Havana. December 23, 2010

50th Anniversary of the Bay of Pigs
Diplomacy in the Bay of Pigs

By Gabriel Molena

• On October 26, 51 years ago, Fidel announced the creation of the Revolutionary National Militia • Granma International will be publishing a series of articles on the events leading up to the April, 1961 battle of the Bay of Pigs • As we approach the 50th Anniversary of this heroic feat, we will attempt to recreate chronologically the developments which occurred during this period and ultimately led to the invasion • The series will be a kind of comparative history, relating what was taking place more or less simultaneously in revolutionary Cuba, in the United States, in Latin America, within the socialist camp and in other places in some way connected to the history of these first years of the Cuban Revolution

• IN August 1960, the 7th OAS Meeting of Consultation of Ministers of Foreign Affairs in San José, Costa Rica took place – according to a Prensa Latina cable, "under the vigilance of 1,350 marines who remained in the waters of the Caribbean during the conclave in order to execute military exercises when it finished." (1) A few days earlier, the 6th Conference had ended with the agreement to break off relations with the Trujillo regime and the partial rupture of economic and commercial relations with the Dominican Republic. Venezuela and Mexico were pressuring for this break; Cuba had broken off relations in 1959 and, for its part, the United States stated that it was studying their termination.

Christian Herter, U.S. Secretary of State, based his strategy at the 7th Conference on so-called extra-continental speeches, in reference to the warning issued by the prime minister of the Soviet Union who, in response to the threat of aggression against Cuba, stated that he was prepared to defend the island by providing it with light and heavy weapons and tanks, in conjunction with an offer to purchase all the sugar that Eisenhower had rejected by cutting the U.S. quota by 700,000 tons a few days previously. Nikita Khrushchev said, in a figurative sense, that if it was necessary, Soviet artillery could support the Cuban people with rocket fire if the Pentagon’s aggressive forces dared to launch an attack on Cuba. He reminded the Pentagon that, as recent tests had indicated, the USSR had rockets that could land precisely on a previously fixed target at a distance of 13,000 kilometers.

We journalists approached Peruvian Foreign Minister Raúl Porras Barrenechea, whose government had agreed to convene the 6th Conference, despite the suspicion that the controversial issue aroused in Cuba. Porras surprised us all by stating, "There can be no intervention in Cuba; not one single foreign minister thinks differently." (2) He added that the Cuban government had the full backing of his people and thus the other American nations would have to respect its decisions.
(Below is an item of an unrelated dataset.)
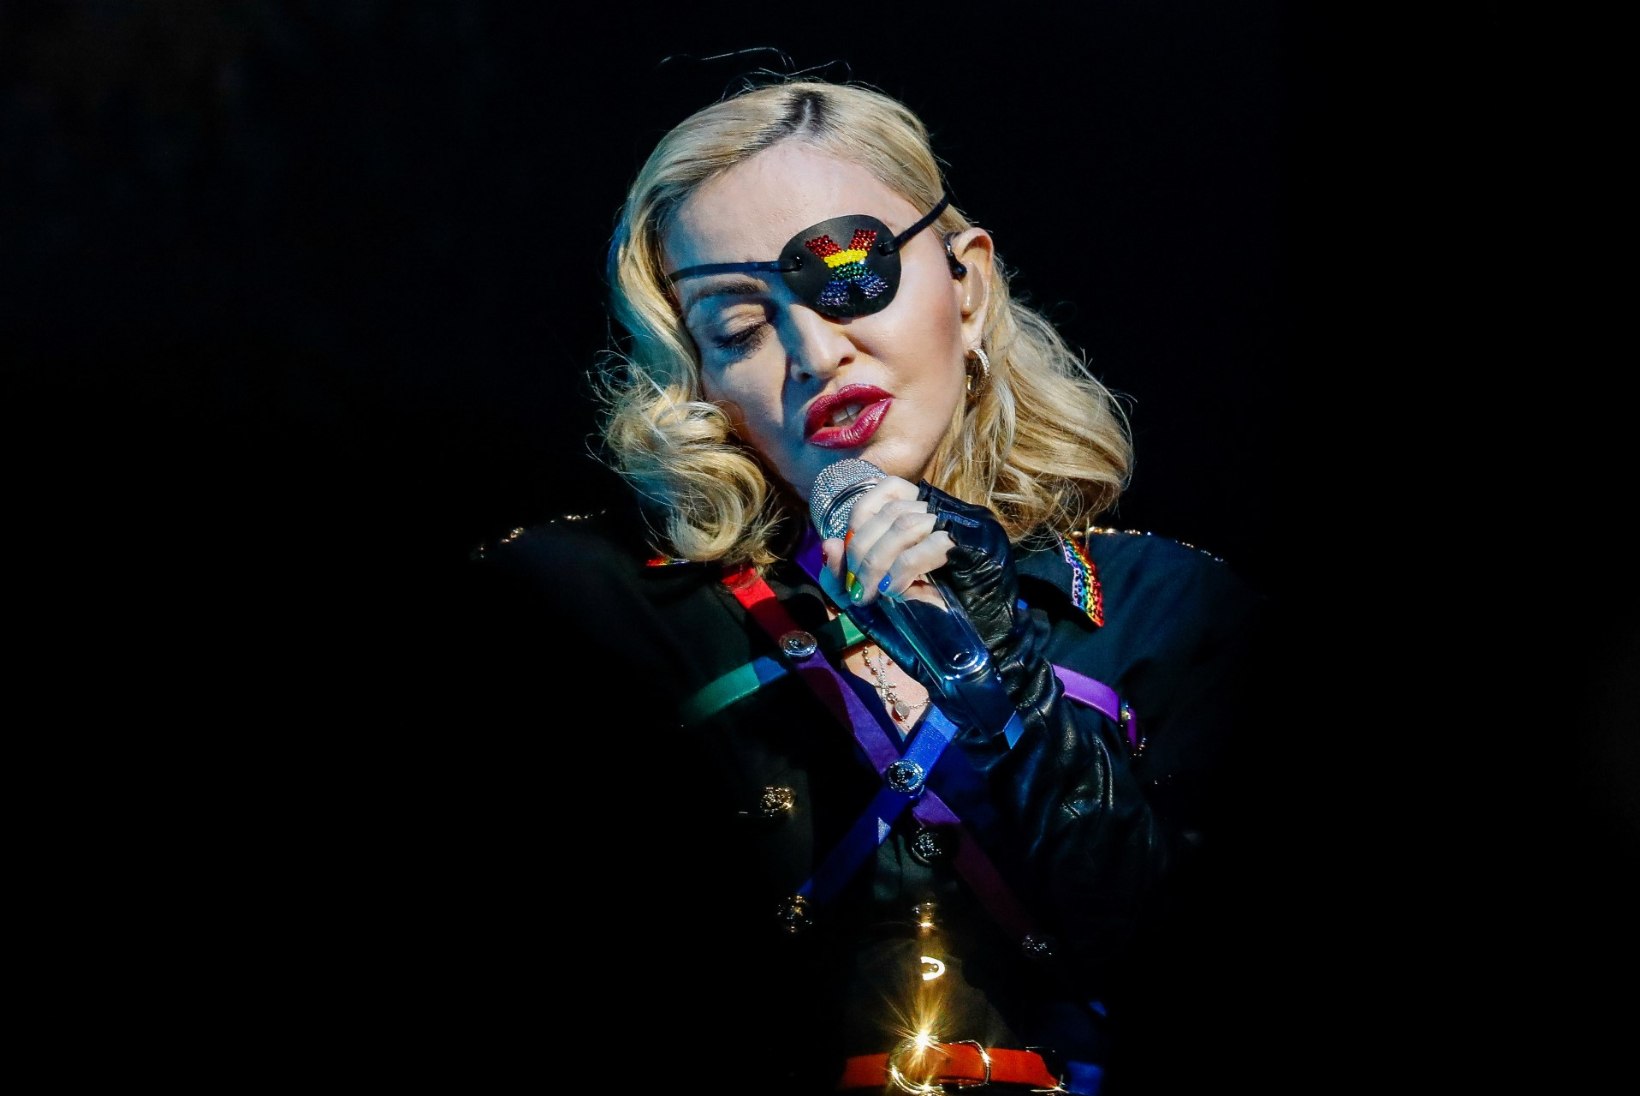 Madonna on katkine nukk, kes püsib koos vaid kleeplindi ja liimi abil

A pro-Somoza Nicaraguan came up, having recognized Porras, and interrupted him to ask his opinion on what was being said at the conference about there being communism in Cuba. "You can’t judge whether there is by what correspondents say," Porras replied. "They are expressing their personal points of view. In any event, if Cuba wants to implement communism within its own borders, it has every right to do so. What it cannot do is to bring communism to the Americas. That would be interference. I’ve never heard that said. I don’t know where you got that from," the Peruvian foreign minister added firmly, when the Nicaraguan claimed that Cuba was intervening in his country. Right there he ordered us to not continue interrupting. (3)

In the course of the meeting the threat of intervention was rejected by a group of ministers from the most important countries, headed by Venezuelan Ignacio Luis Arcaya, a member of the Democratic Republican Union (URD), which shared the government of the country with the Democratic Action Party of President Romulo Betancourt. During the meeting, it became known that the U.S. Senate had approved an amendment to the Foreign Assistance Act, through which any country giving aid to Cuba or selling it arms would lose its U.S. aid. (4) The Cuban media interpreted this as a threat to the conference, with the medium-term objective of weakening Cuba militarily and politically.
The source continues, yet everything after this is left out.